One of the most heard video game publishing horror stories is that a publisher takes the intellectual property rights to your game. While in modern day video games publishing this is very rare, it is still important to assess the consequences of the contract regarding your intellectual property rights.
In addition, it is also important to read our article on the clauses concerning future games.
Basics of intellectual property rights
The main areas of intellectual property
The main areas of intellectual property rights are as follows:
| Intellectual Property Right | What does it protect? | Examples in video games |
| Copyright: | Fixed literary or artistic works that have a certain level of originality | Characters, narrative, artwork, soundtracks, source code, visual effects |
| Trademark: | Signs (words or figures) that distinguish goods and/or services | The name and logo of the game, (main) characters which are recognizable for the franchise |
| Patents: | New, technical inventions | Networking solutions, rendering techniques, hardware innovations, innovative game mechanics (depending on the jurisdiction, as in Europe software as such cannot be patented) |
For most video games, copyright is the primary form of protection. Some characters are also protected by registering them as a trademark, but most assets are subject to copyright only.
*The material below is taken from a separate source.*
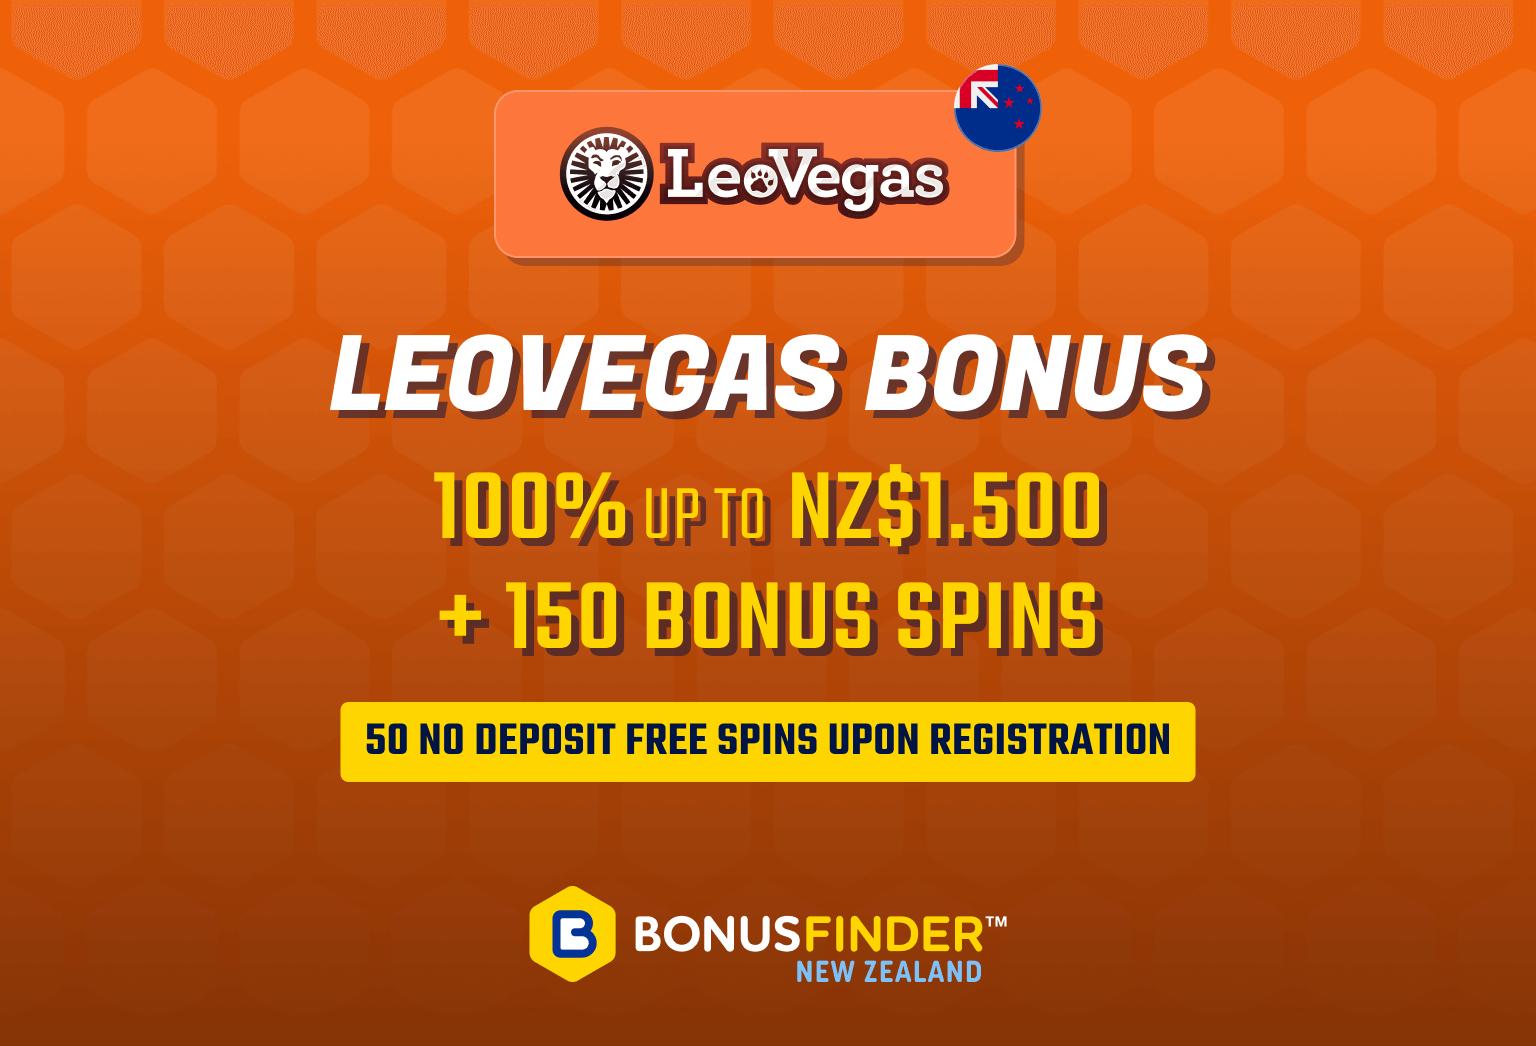 Leovegas bonus

When is something protected by copyright?
Copyright protection generally applies automatically once an original work is created. In most jurisdictions it is not required to register copyrighted works. This means that when code is written or art is created, copyright protection automatically applies. This implies that even a work-in-progress is protected by copyright al long as it is sufficiently original and creative choices have been made.
It is important to know that (abstract) ideas, concepts and styles are not protected by copyright. The reason for this is that it is not something that is created and observable yet.
Who is the owner of the copyrights to the game (assets)?
In most jurisdictions, ownership belongs to the person who created the game assets, unless there is an exception.
Some examples of these exceptions are:
- Game assets which are created in the context of an employment relationship are assigned to the employer.
- In the United States there is the ‘work made for hire’ doctrine, which can lead to a situation where the client receives the copyrights to certain commissioned works.
Points of attention when negotiating a video games publishing agreement
Developers usually retain IP rights, but confirm it
In most modern publishing agreements, developers retain ownership of their intellectual property rights. However, this should never be assumed. Always verify the contract language to confirm that the developer remains the IP holder.
Co-development can lead to co-ownership
Some publishers co-develop games with studios. If the contract does not clearly allocate copyrights, the result can be co-ownership. Depending on the jurisdiction, this can have unintended consequences:
- In some countries, commercial exploitation requires unanimous consent from all owners.
- In some countries, each co-owner may commercially exploit the game independently.
Commercial exploitation also means developing ports, prequels, sequels and spin-offs. This means that co-ownership can have impact on what you can actually still do with your game as a developer. What seems “fair” at first sight can quickly become a legal obstacle if not clearly defined.
Ports and marketing assets may default to the publisher
When publishers develop marketing assets (trailers, banners, key art), ownership may default to them. This usually does not matter during the partnership, but upon termination of the video game publishing agreement it can block developers from continuing to use these assets. For more information about this, read our article on the consequences of termination .
When the publisher develops ports, it is important that the intellectual property rights to these ports are sufficiently transferred to the developer. In case the publisher instructs a third party to develop the ports, it is important to include a provision that the publisher will include a transfer of intellectual property from this party to the publisher. This then allows the publisher to subsequently transfer the intellectual property rights (back) to the developer.
Stuck on legal fine print?
Let us decode it for you.
Beware of transfer-on-breach clauses
The most important clause to watch out for is the transfer on breach clause. This provision transfers the game’s intellectual property rights from the developer to the publisher when the contract is terminated as a result of a breach of the developer.
The idea behind this clause is that it allows the publisher to finish the game and release it, in order to recoup their investments. However, the consequences of these clauses are very severe, as you effectively lose the rights to your game. Therefore, these clauses require a lot of attention to prevent abusive practices.
Before you sign: summary and next steps
Intellectual property rights define who truly controls a video game. Most modern agreements let developers retain ownership, but risks remain, especially in cases of co-development, publisher-created assets, or hidden transfer-on-breach provisions. Ensuring clarity at the contract stage is the best way to protect your game’s future.